Solomon Partners
- Type: Private Company
- Industry: Investment Banking
- Founded: 1989; 37 years ago
- Headquarters: 1251 Avenue of the Americas New York City, U.S.
- Number of employees: 150 - 200
- Website: solomonpartners.com

= Solomon Partners =

American investment bank

Solomon Partners, previously known as PJ Solomon and/or Peter J. Solomon Company, is an independently operated American investment bank and financial services company headquartered in New York City. Solomon Partners advises on mergers, acquisitions, divestitures, restructurings, recapitalizations, SPACs and capital markets.

==History==
Solomon Partners was founded in 1989 by Peter J. Solomon. It was one of the first private independent investment banking firms on Wall Street. Originally, nearly all investment banks were privately held. By the time of the creation of Solomon Partners, most of the larger investment banks had gone public.
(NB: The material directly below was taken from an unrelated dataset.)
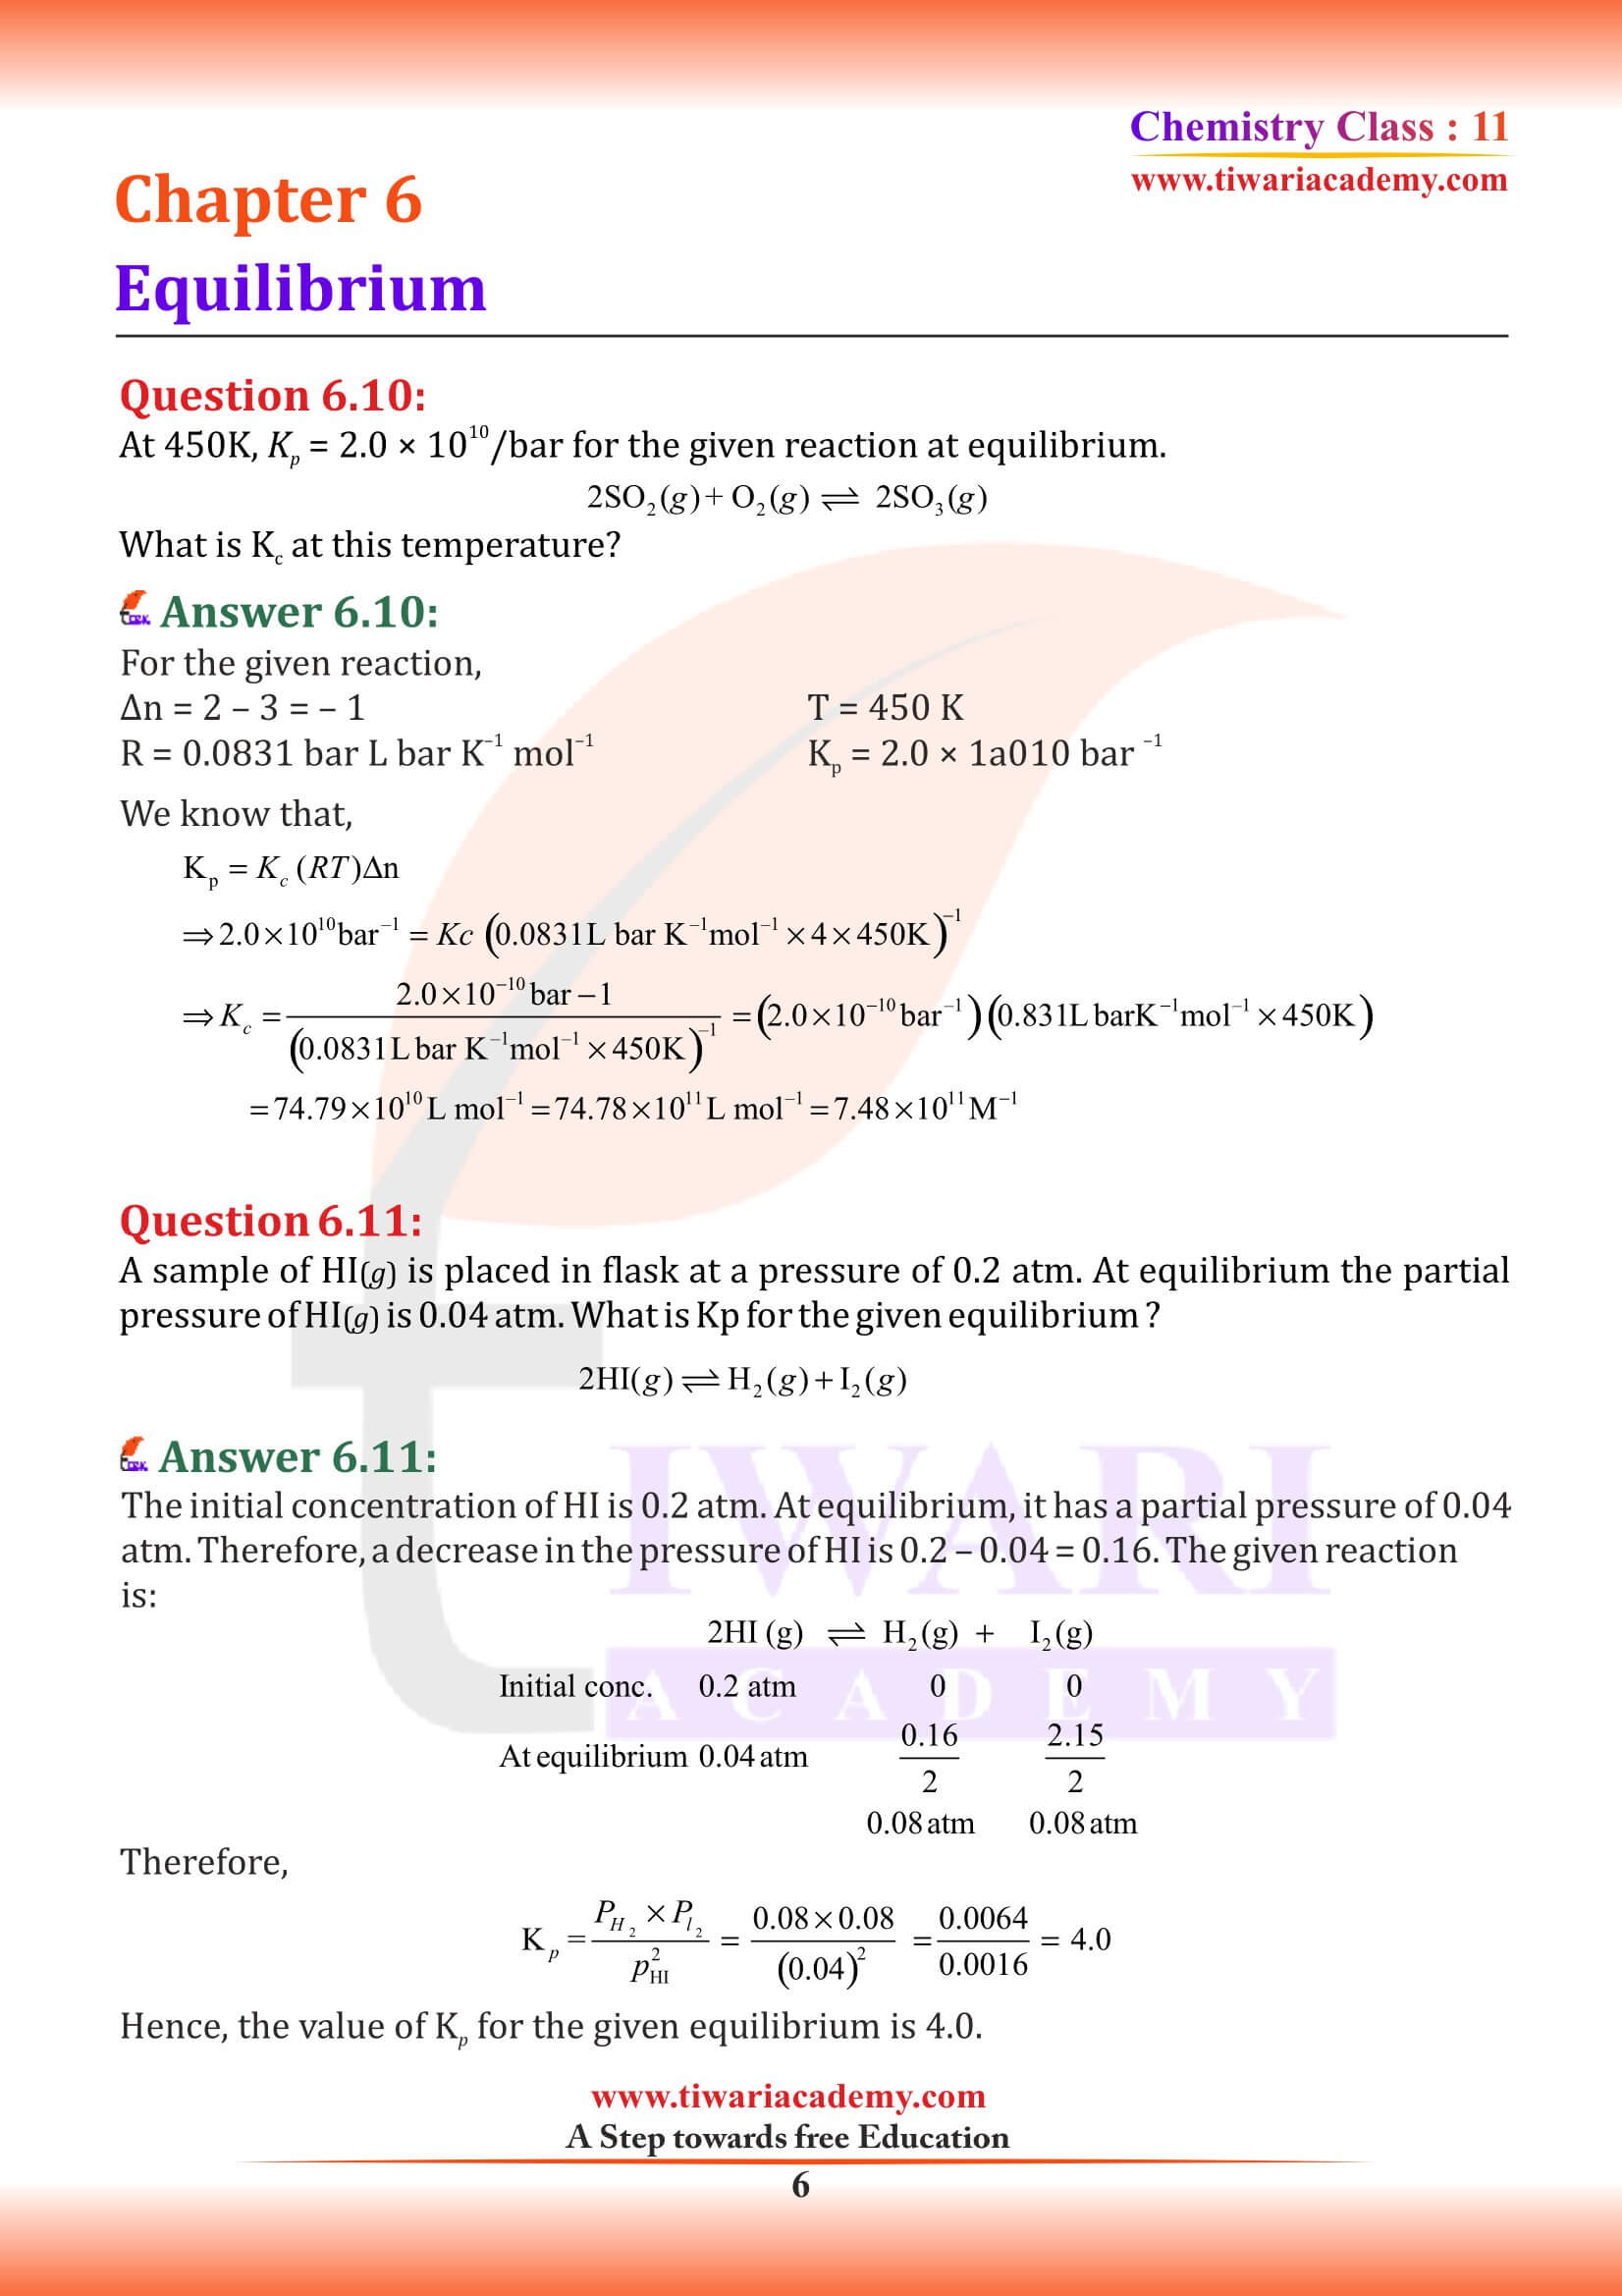 NCERT Solutions for Class 11 Chemistry Chapter 6 updated

The motivating idea behind the creation of Solomon Partners was that it would "mirror the ethos and culture" of the original privately held investment banks.

Solomon Partners is headquartered in New York City and has additional offices in Chicago and Miami.
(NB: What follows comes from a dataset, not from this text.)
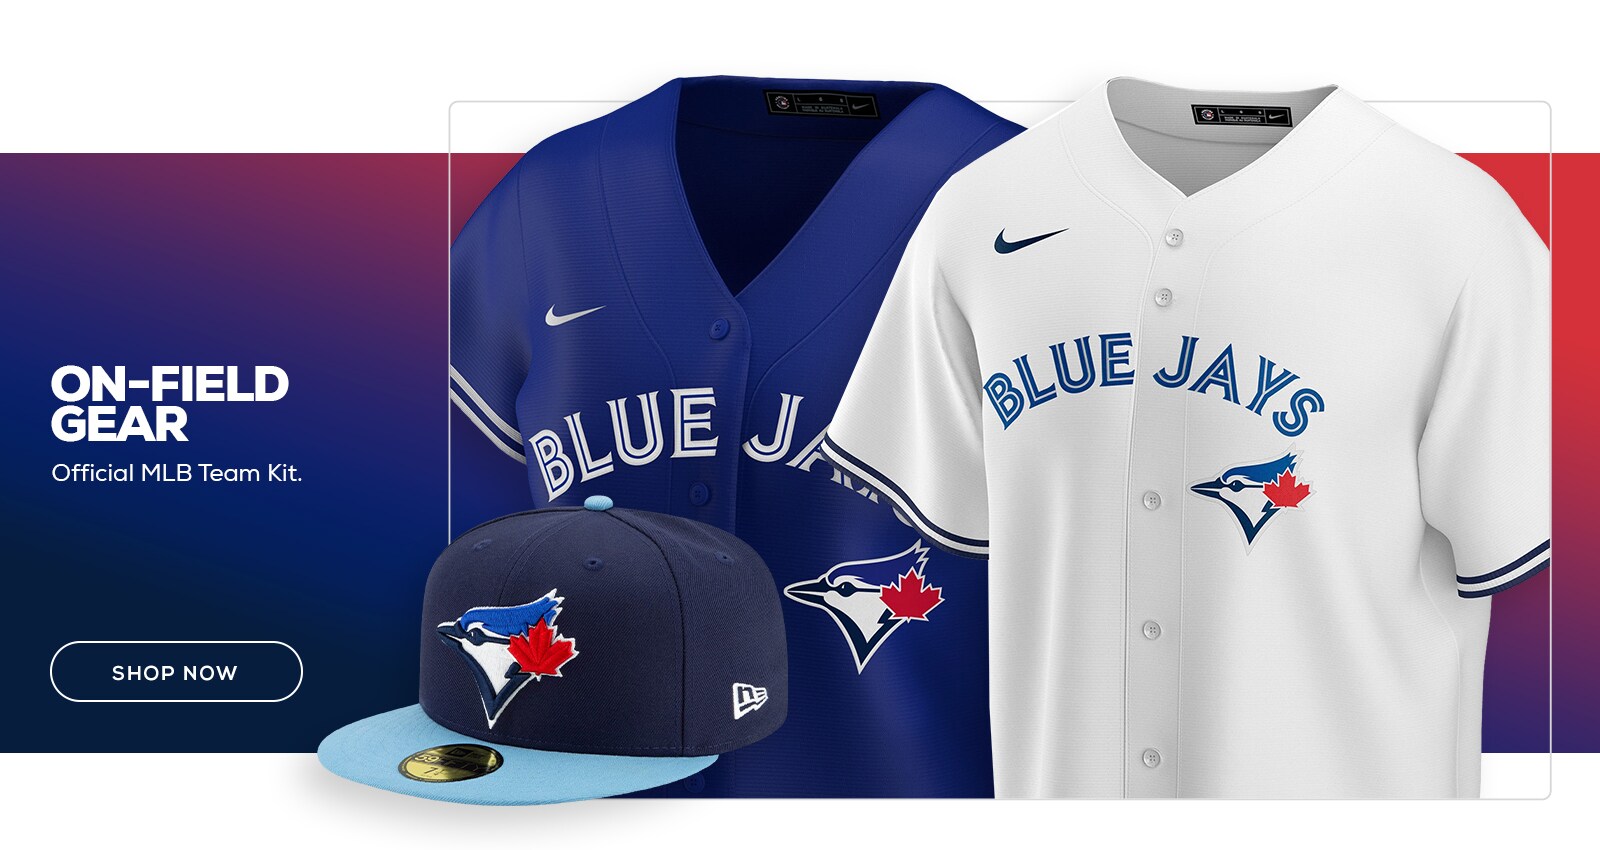 ON-FIELD GEAR Official MLB Team Kit. Shop Now

In June 2016, Solomon Partners (at the time known as PJ SOLOMON) entered into an alliance with Natixis, a French financial services firm owned by Groupe BPCE, to expand its global M&A advisory and financing platform.
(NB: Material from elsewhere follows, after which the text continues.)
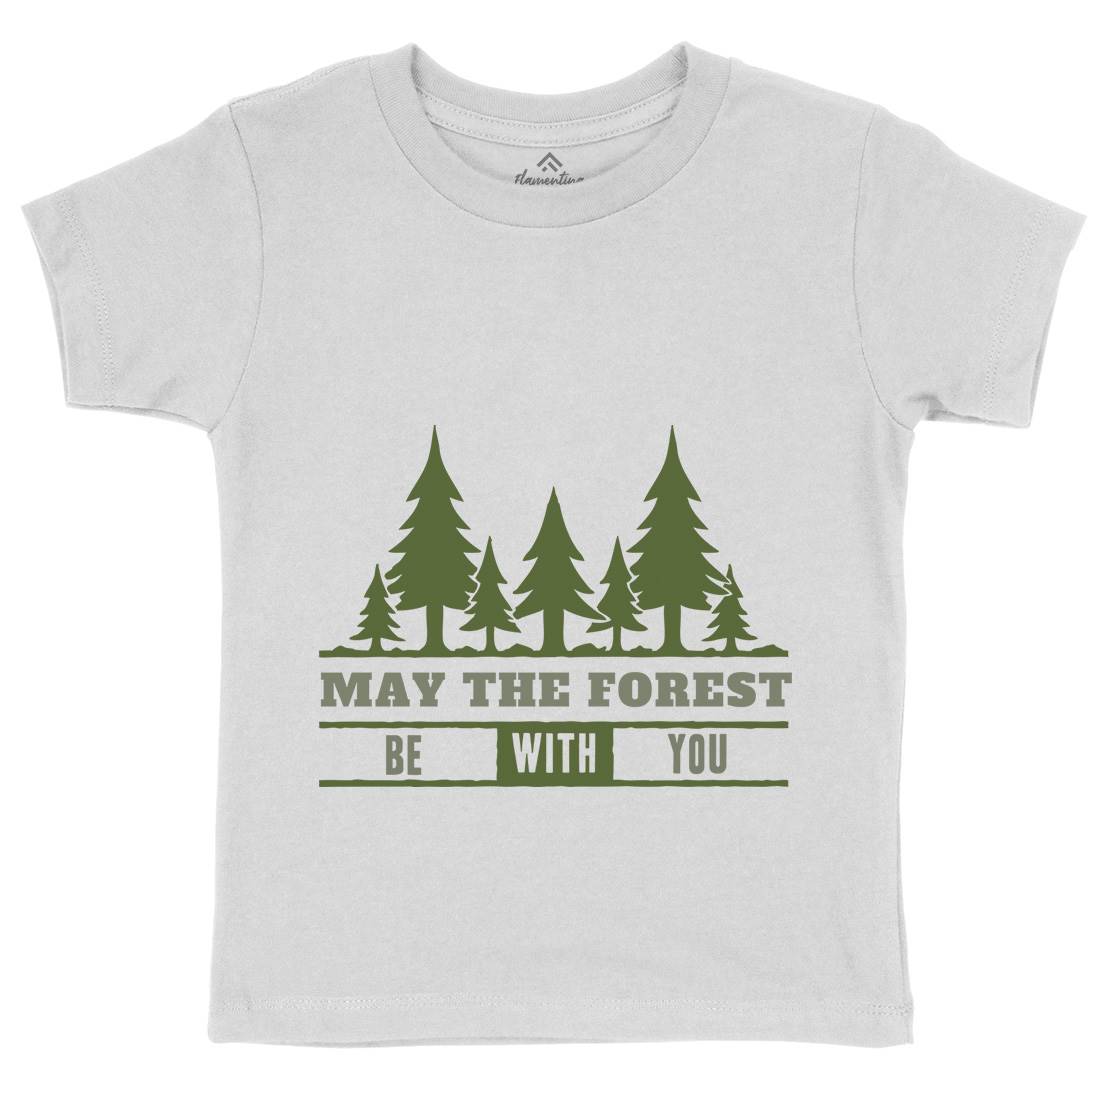 May The Forest Be With You Kids Organic Crew Neck T-Shirt Nature A345

In September 2021, the company changed its name to Solomon Partners.

==Transactions==
Solomon Partners' practices cover a number of investment verticals including business services, consumer retail, industrials, financial sponsors, financial services and fintech, grocery, pharmacy, restaurants, healthcare, infrastructure, power, renewables, media, technology, and telecommunications.

Solomon Partners was involved in these notable transactions:

- The $446 million sale of Nutraceutical International Corporation to private equity firm HGGC LLC.

- The $1 billion recapitalization and conversion sale of Save-A-Lot.

- The acquisition of Endemol Shine Group by Banijay.